Looking at the various uses of references in the texts written by the scholars in our study reinforced our earlier observation concerning the difficulty of distinguishing primary from secondary texts. Primary documents are often defined as nonderivative documents, those that are analyzed in a study. However, our scholars were analyzing all sorts of derivative documents. In at least two situations, secondary texts could be considered as primary texts. In the first, the text being discussed could be unobtainable, either because of distance or because it had been destroyed or was missing. Substituted for the text itself would be other documentation about the text, analyses of similar or related texts, or even documentation of documentation. Second, the now-common “metacritical,” contextually rich studies of the meaning and understanding of texts over time uses the analysis of many kinds of “secondary” research about a text. This evidence of the multiple roles of texts was strengthened through the interviews based upon the document analyses.

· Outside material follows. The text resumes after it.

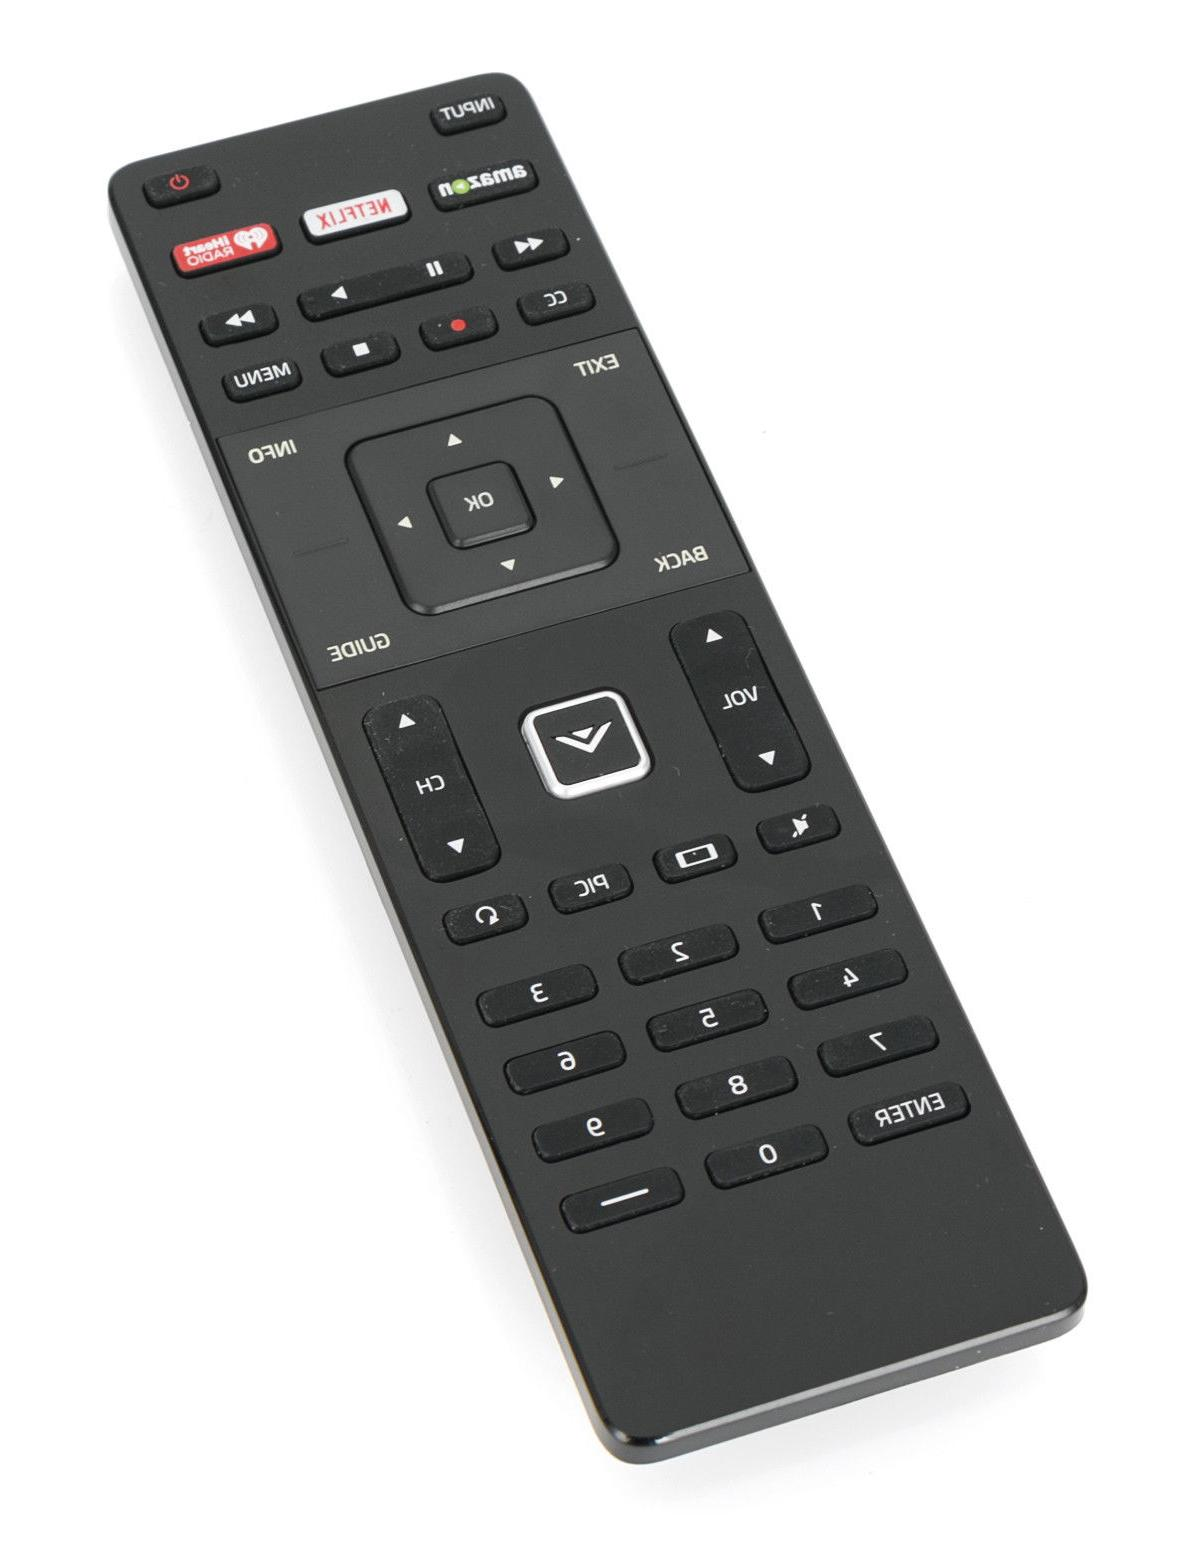 New Remote for Vizio TV D55U-D1 E40-C2 D43-D1

Electronic texts are potentially the most radical element in the construction of the evolving technology environment in the humanities. The explosion of electronic texts promises to alter the way in which scholars conceive of the activity of research in a way paralleled only by similarly major developments in the history of printing-the paperback revolution of the post-World War II years, the development of mechanized printing in the nineteenth century, and the invention of moveable type in the fifteenth century. Opinions of the cultural significance of electronic texts vary widely, from the unfettered enthusiasm with which Lanham (1993) extols their virtues as a new rhetoric that could reenergize Western culture, to the pessimism of Birkerts (1994), who bemoans the dissolution of culture threatened by a decline in the reading of printed books. Humanities scholarship has only begun to integrate electronic text. One telling example showed up clearly in the uncertainty among scholars about how to cite electronic text corpora: is the user consulting a database or the primary text reproduced therein? Encoding is both a form of textual interpretation and a format of presentation of a text. This raises issues beyond those of establishing a standard citation format and cuts to the core of the assumed distinction between primary and secondary sources. Scholarly practice will continue to evolve in deliberate and interesting ways as software advances such as encoding develop in conjunction with new hardware such as handheld devices.